As explained just above, there is no circularity here, not if one looked all of the results presented. Whether a distance method is phenetic or whatwever is irrelevant to a truthful construction of phylogeny. The inherent soundness of the logic and reason behind the method should be the deciding factor. It is non sensible to use genetic distance or similarity that is really a reflection of MGD to infer phylogeny, which is what is being done by all existing methods. It is non-sensible to even attempt to construct phylogeny when one has no real understanding of the reason for the genetic equidistance phenomenon.
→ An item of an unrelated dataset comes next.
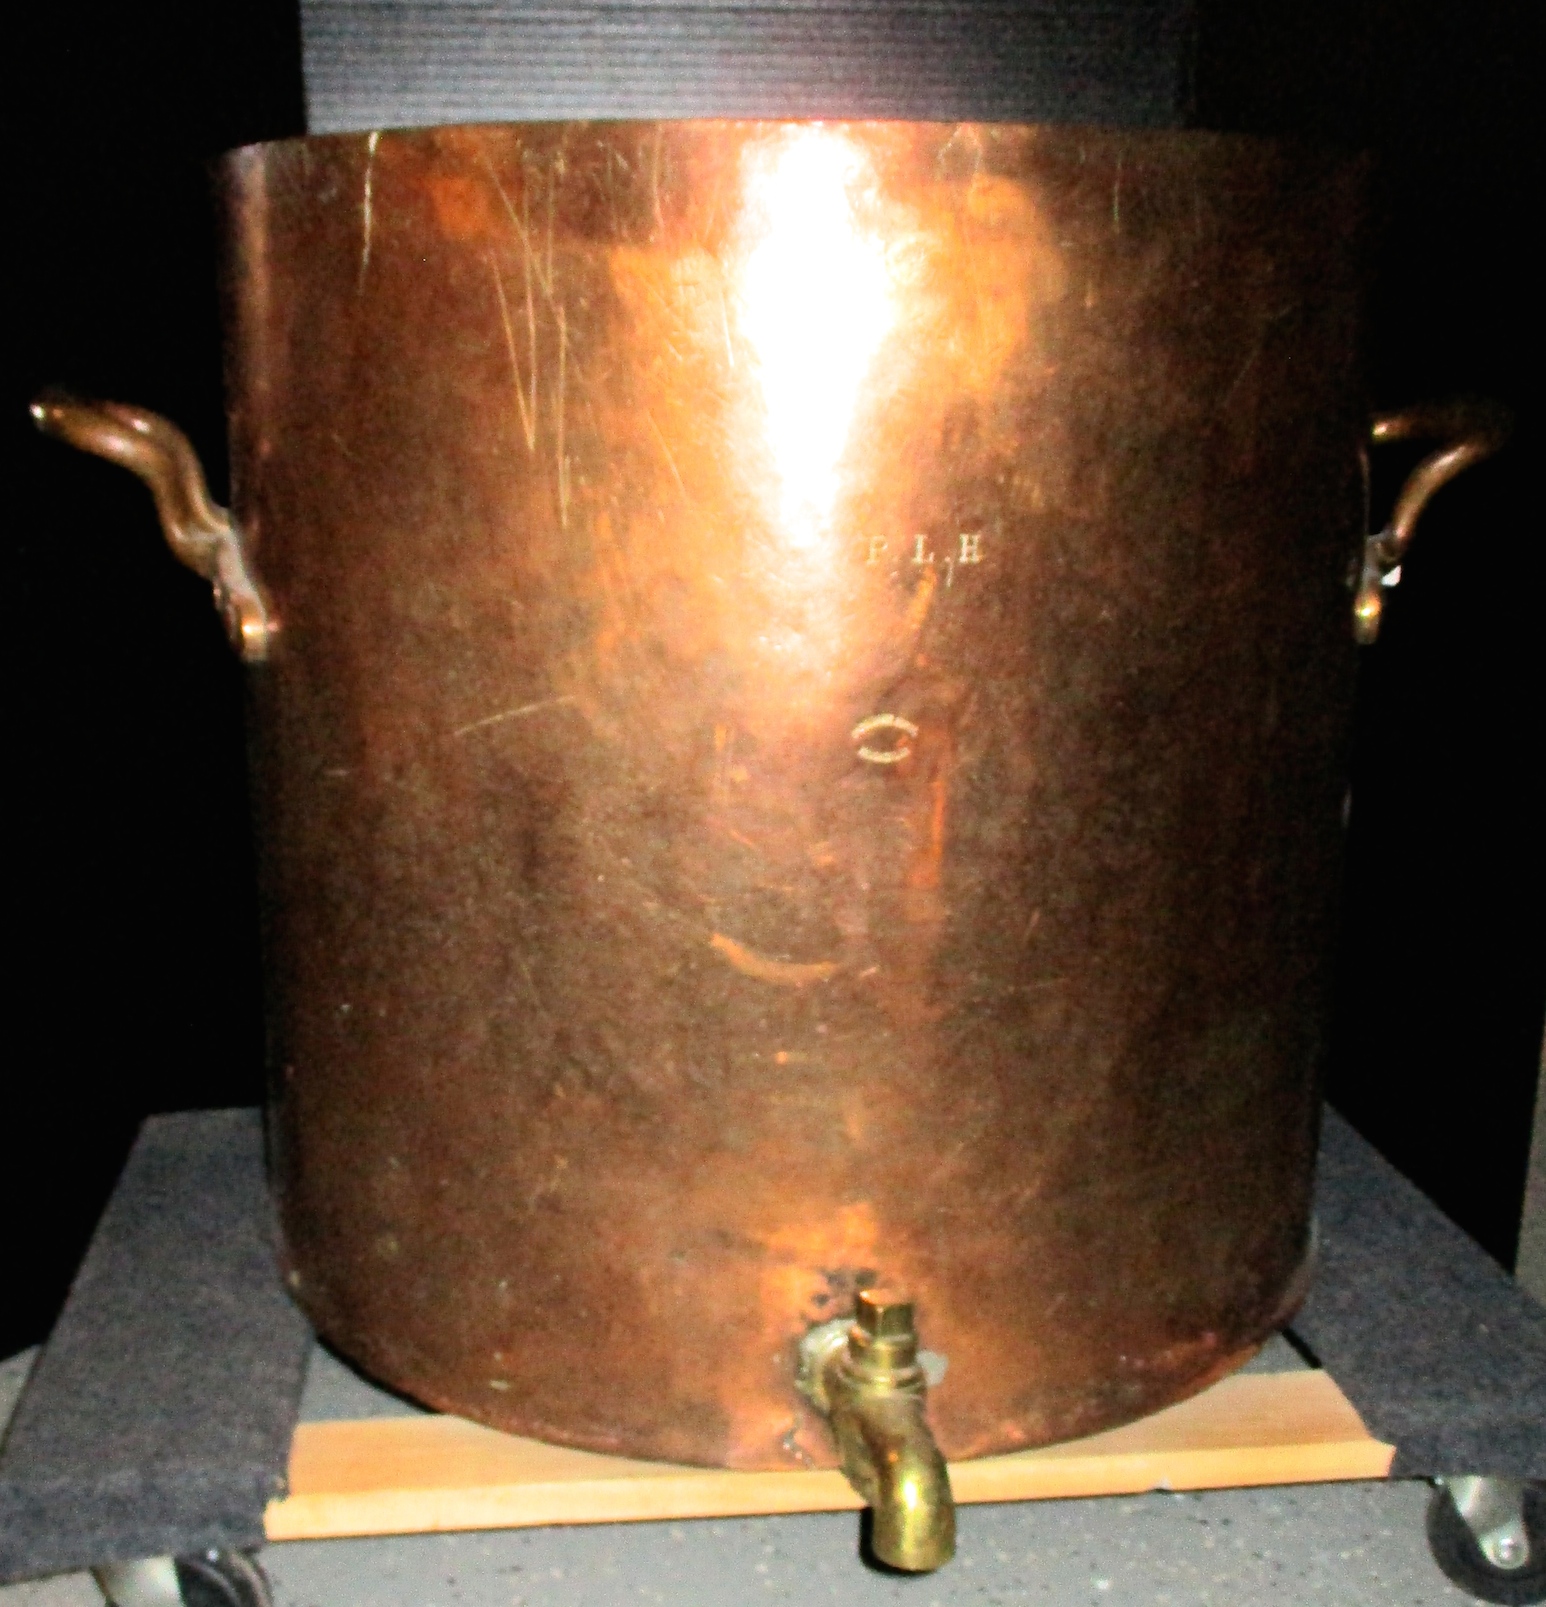 Super Large (22 1/2" H x 22" Dia.) Hotel Kitchen Copper Chef's Stock Pot w/spigot - Marked ParkLand Hotel Piccadilly, London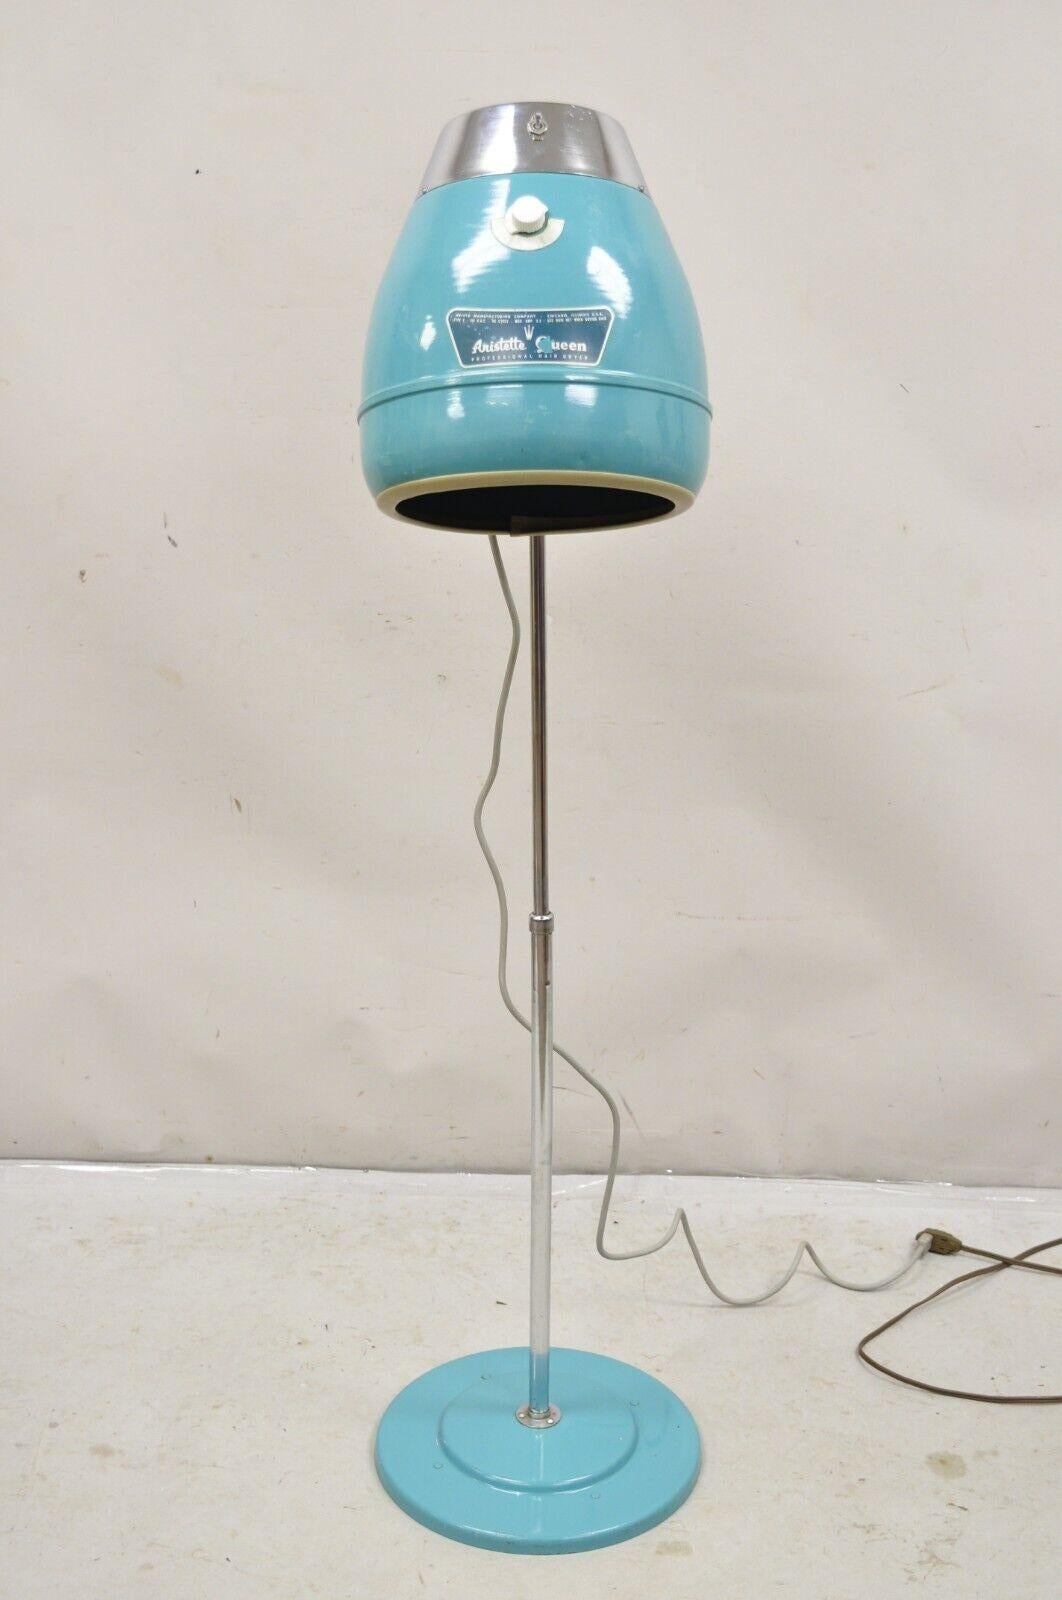 Vintage Aristette Queen Professional Standing Hood Hair Dryer in Turquoise Blue . Circa Mid 20th Century. Measurements: 57

'Although proteins have more sequences under natural selection than non-coding DNA, they stillhave neutral sequences so long they show difference between species and the method here only makes use of the neutral sequences' The relationship between showing difference between species and having neutral sequences is not clear. If two species are similar in sequences at a particular chromosomal, does it mean that selection acts on this region? On the other side of the coin, why can't differential selection in species lead to changes in non-neutral regions of the chromosome?


I am only applying the neutral theory here since this theory treats most of such differences as neutral. More correctly, many such differences are due to natural selection. But even if due to natural selection, the accumulation of such differences may still follow a clock like pattern, as is demonstrated by a recent Richard Lenski Nature paper on bacteria evolution in the lab. One sound way to make sense of the similar behavior for neutral and non neutral mutations is to notice that they share the common property of random fixation. Natural selection is in contrast to artificial selection, one is random and the other intentional and non random. Selection the process per se is not random but the outcome is random because the environmental change is random for natural selection. The outcome of artificial selection is non random because the environmental change is non random. Thus fixation of mutations by artificial selection is not random and should not follow a clock like pattern, but fixation of mutations by natural selection is random, in the same sense as random drift, and thus should follow the behavior of neutral mutations.


'A molecular clock calibrated from one fossil split time should produce divergence times consistent with other fossil records and other independently calibrated molecular clocks.' This is not entirely true. Fossils only provide minimum estimates of times of divergence, they can never provide absolute times. You also need to take this into account in your discussion about divergence times within the hominoid clade.


In an ideal situation, this should be true. Granted that some fossil record may not be complete, but here we are talking about those well established beyond any reasonable doubt. The mammal radiation or the Cambrian explosion are such records.


Overall, I don't think the author provides convincing evidence or reasoning to support his/her argument that 'complexity of species' (however defined) affects the rate of evolution of sequences. The 'phylogenetic analysis of primates has several problems, some of which I have discussed in this review.

In the final analysis, I suggest that you all pay attention to the genetic equidistance result. Once you fully understood it, you may see where I am coming from. I can see clearly that you have yet to understand how destructing it truly is to the existing paradigm and that you have not paid attention to what I wrote about it, since you are still thinking as if the interpretation of this result by the existing paradigm is sound rather than completely embarrassing. Thank you all again and I would greatly appreciate your feedbacks. I am not biased in any way and much more objective than most scientists. You dont have to do much talking to convince me your position or theory, just give me a few sentences on how your position or theory could easily take care of the genetic equidistance result of both microevol and macroevo. To help you out, I grant you that your theory is perfect for the equidistance phenomenon of microevo. I just have trouble seeing how it could also explain that of macroevo, where there are a large amount of overlap positions or saturated positions. I look forward to hearing your reply.